Core Concepts
The core message of this paper is to propose a Query-bag Pseudo Relevance Feedback (QB-PRF) framework that can effectively enhance the performance of information-seeking conversation systems. The framework includes a Query-bag Selection Module (QBS) to retrieve and select relevant queries to form a query-bag, and a Query-bag Fusion Module (QBF) to fuse the query-bag information with the original query to improve the query representation.
Abstract
This paper proposes a Query-bag Pseudo Relevance Feedback (QB-PRF) framework to enhance the performance of information-seeking conversation systems. The key components are:
Representation Learning: The authors leverage unsupervised pre-training methods, specifically Variational Auto-Encoder (VAE), to obtain distinctive sentence representations that can serve as supervision signals for the QBS module.

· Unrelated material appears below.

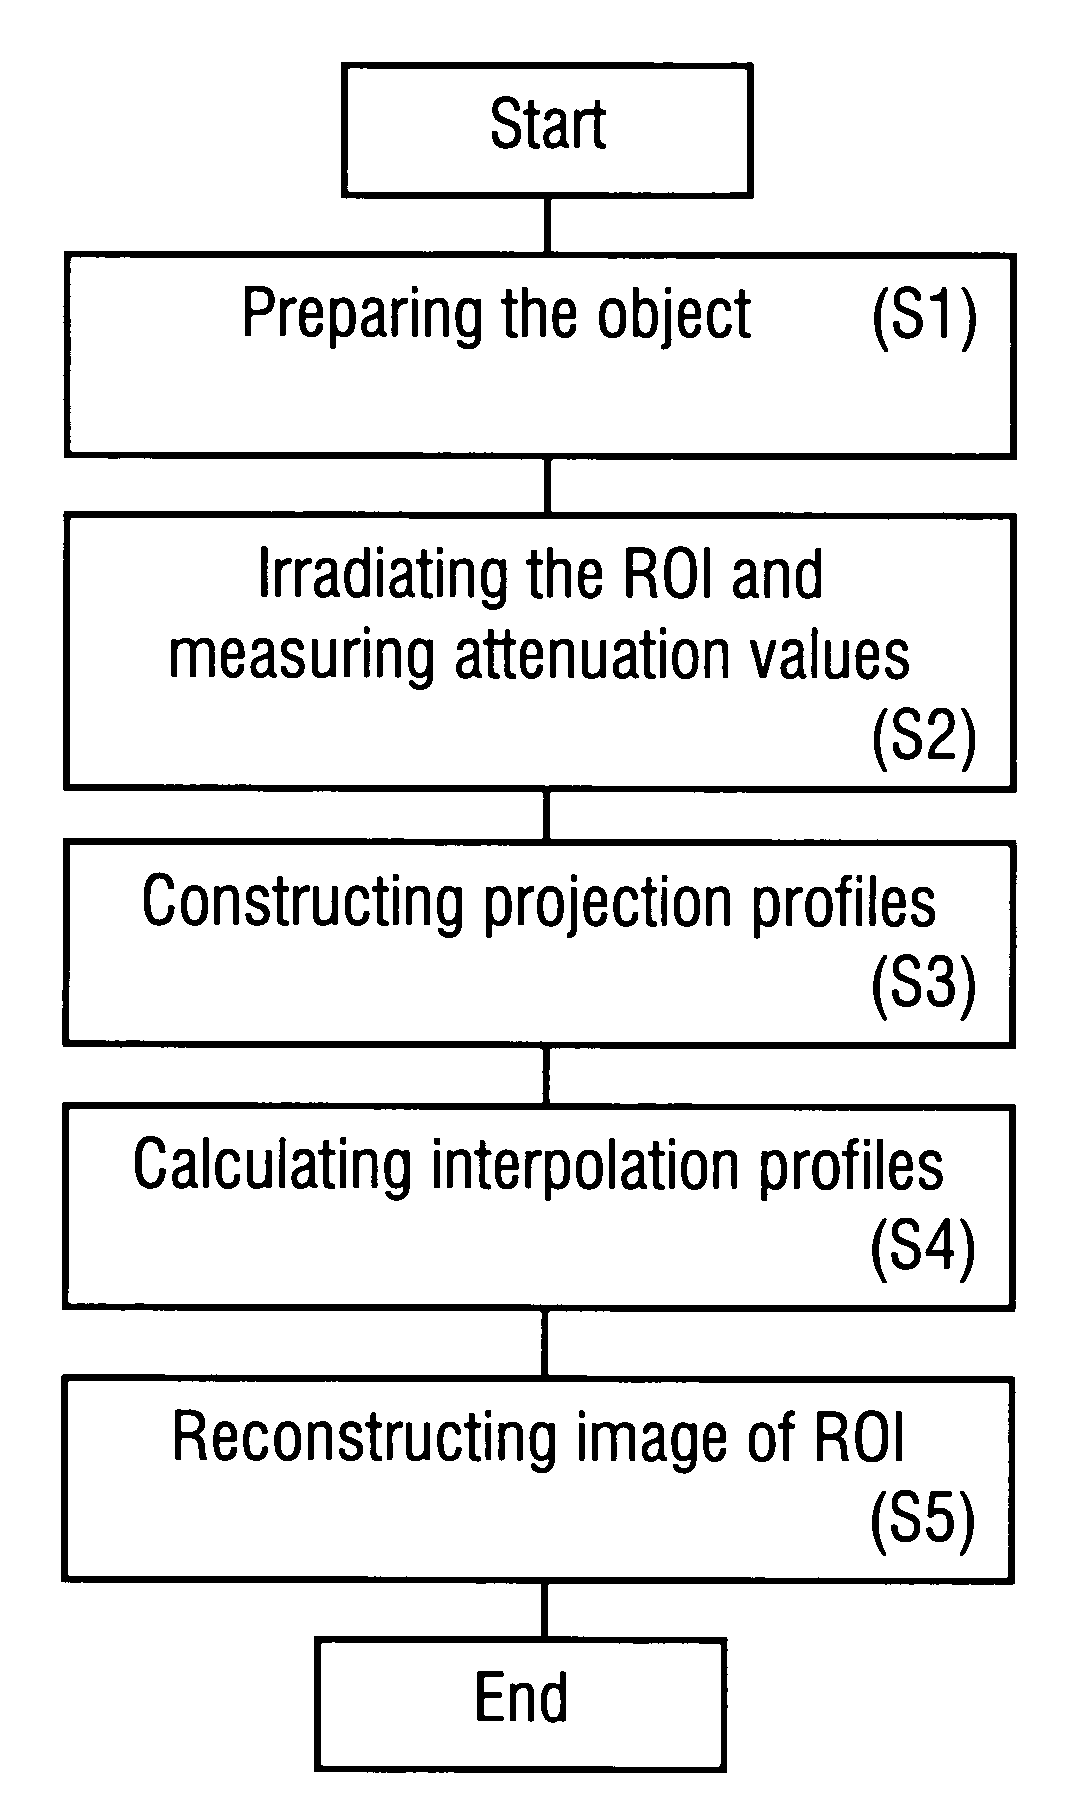 Method of reconstructing an image function from radon data

Query-bag Selection (QBS) Module: The QBS module employs contrastive learning to select relevant queries from the unlabeled corpus to form the query-bag, leveraging the representations learned from the pre-trained VAE.
Query-bag Fusion (QBF) Module: The QBF module utilizes a transformer-based network to fuse the mutual information between the original query and the selected query-bag, generating a refined query representation.
Matching Model: The refined query representation from the QBF module is then fed into any downstream matching model to enhance its performance on information-seeking conversation tasks.
The authors verify the effectiveness of the QB-PRF framework on two competitive pre-trained backbone models, BERT and GPT-2, across two benchmark datasets (Quora and LaiYe). The experimental results demonstrate that the proposed framework significantly outperforms strong baselines, highlighting the importance of leveraging query-bag information to improve query representation and overall system performance.
Stats
The authors report the following key statistics:
The LaiYe dataset has 425,310 training, 40,000 validation, and 40,000 test queries, with an average of 11.20 queries per query-bag.
The Quora dataset has 56,294 training, 5,536 validation, and 10,000 test queries, with an average of 8.43 queries per query-bag.